From November 2021 to January 2024, Wisconsin distributed over $479 million of ARPA funds to providers through the Child Care Counts (CCC) program. An additional $170 million from Coronavirus State and Local Fiscal Recovery funds continued CCC through June 2025, although payments to providers were reduced by 50%. Through a partnership with the Wisconsin Department of Children & Families (DCF), the Institute for Research on Poverty engaged in a series of studies to evaluate CCC, including analyses of how providers used funding, impacts of funding on programs, impacts of reduced funding, and anticipated impacts should CCC funding end in June 2025 as scheduled. In this paper, we share findings from the latest study demonstrating what happened when CCC funding was reduced. Then—as a true example of research in action—we plan to leverage the research partnership to measure what happens after June 30, 2025, whether Wisconsin chooses to continue or end CCC.
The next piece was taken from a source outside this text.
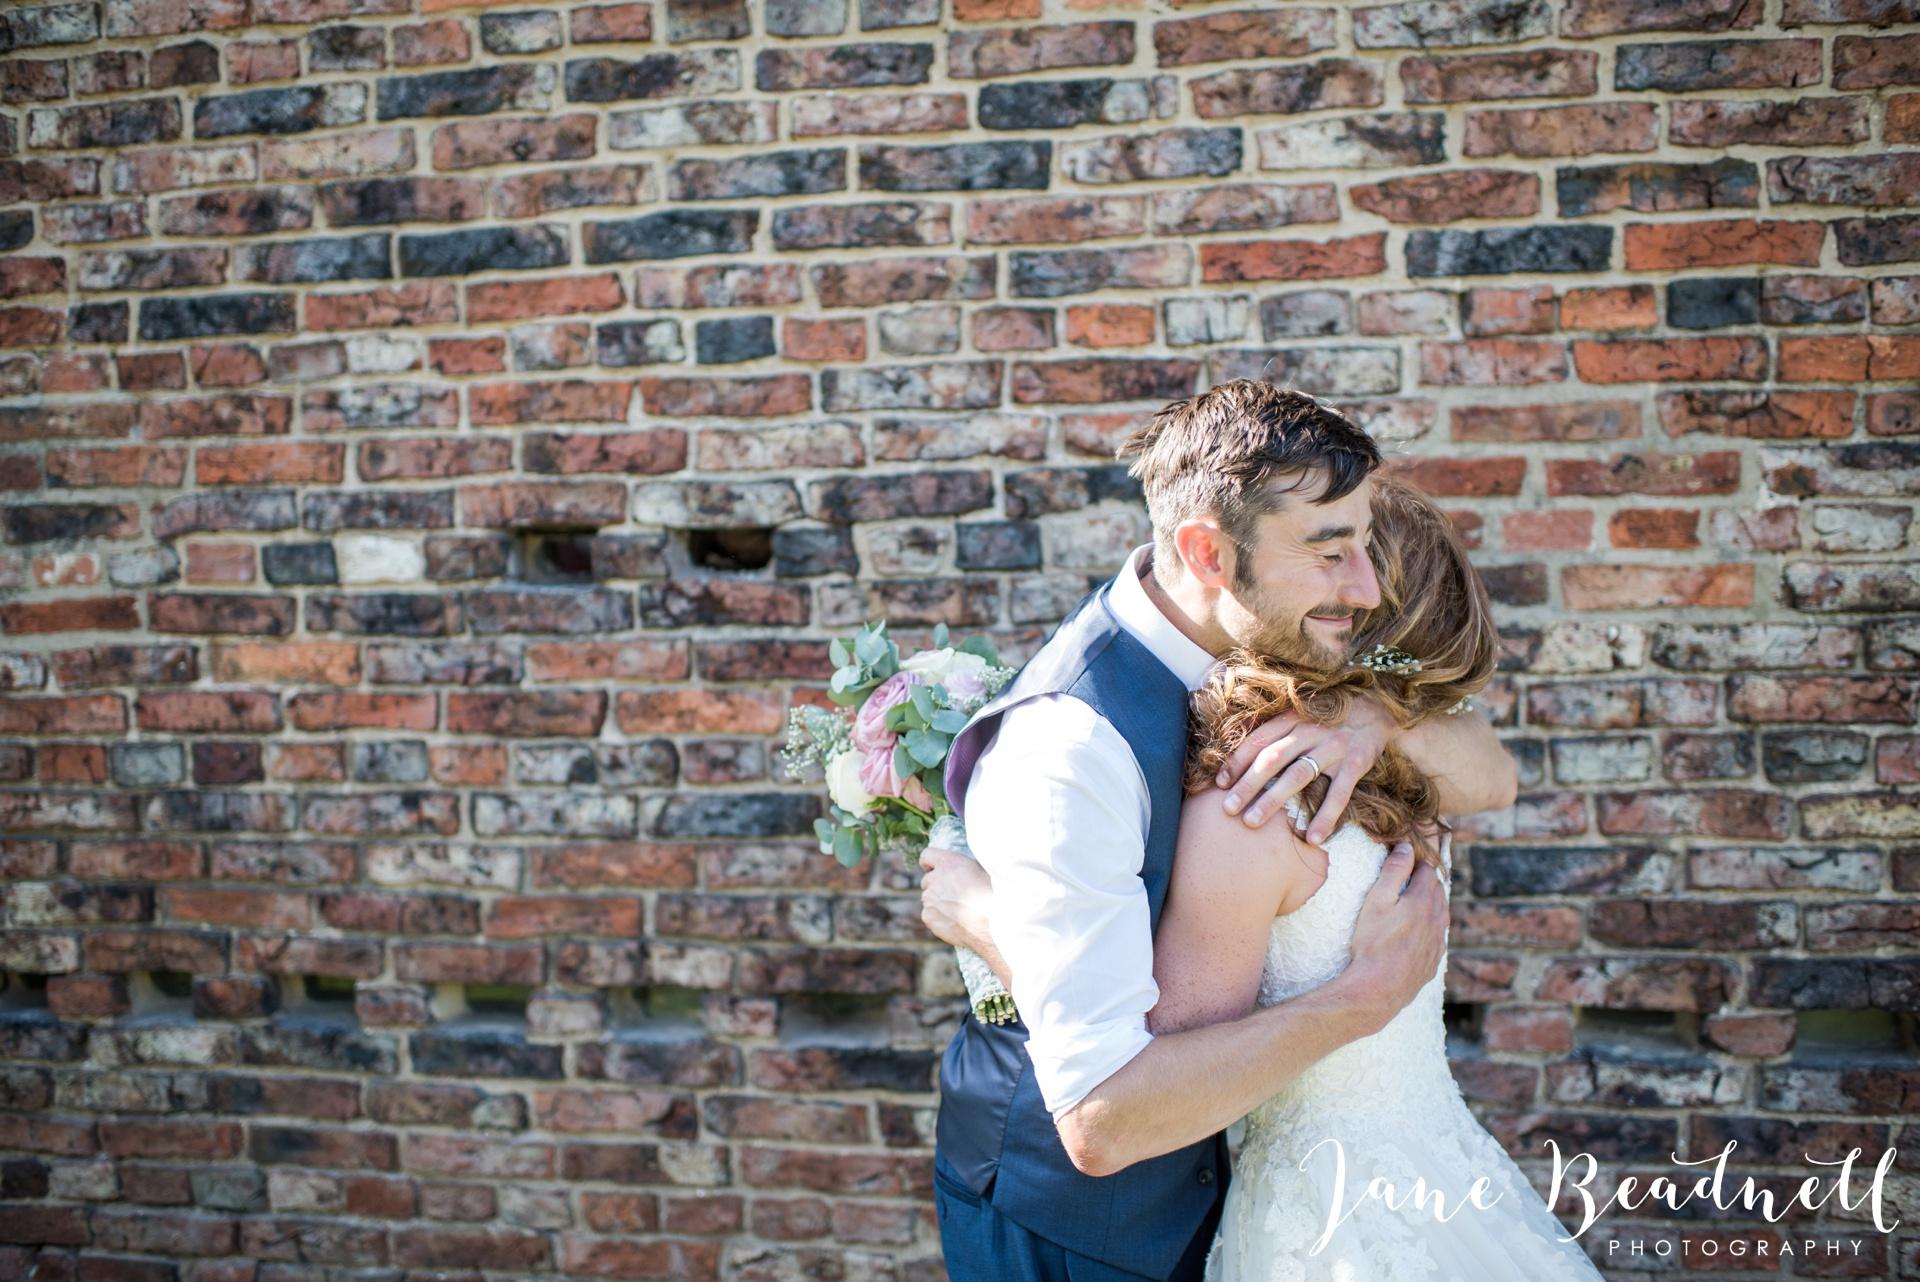 yorkshire-fine-art-wedding-photographer-jane-beadnell-photography-poppleton-york_0114

Methods: To measure current and predicted impacts, researchers embedded a questionnaire into the November 2024 CCC funding application resulting in a diverse sample of child care providers (N=3,646) representative of over 80% of providers throughout the state. To reduce bias of overreporting, the study first establishes evidence of behavioral and experiential changes during a period of 50% reduced CCC funding (May 2023 through November 2024), then asks providers to consider impacts on their programs if CCC is discontinued. An open-ended question captured provider ideas about what would be possible if CCC funding were continued at its original level.
Results: Providers reported substantial reductions in their ability to provide competitive compensation, hire qualified staff, and provide high quality care, as well as significant increases in tuition during the reduced funding period. Most providers who reported changes attributed at least some of the change directly to reductions in CCC funding. When asked what would happen if CCC funding ended, 25% of providers reported they were at least somewhat likely to close, and most predicted additional challenges in staffing and meeting the needs of families. Over three-fourths of providers anticipated raising tuition.
Conclusion: Initial research suggests that loss of public funding for child care may lead to reductions in access to and quality of care. After June 2025, we will continue to work with DCF to analyze state administrative data to determine whether trends in operations, staffing, and service provision continue, and whether predictions come to fruition based on the outcome of the state budgeting process this summer.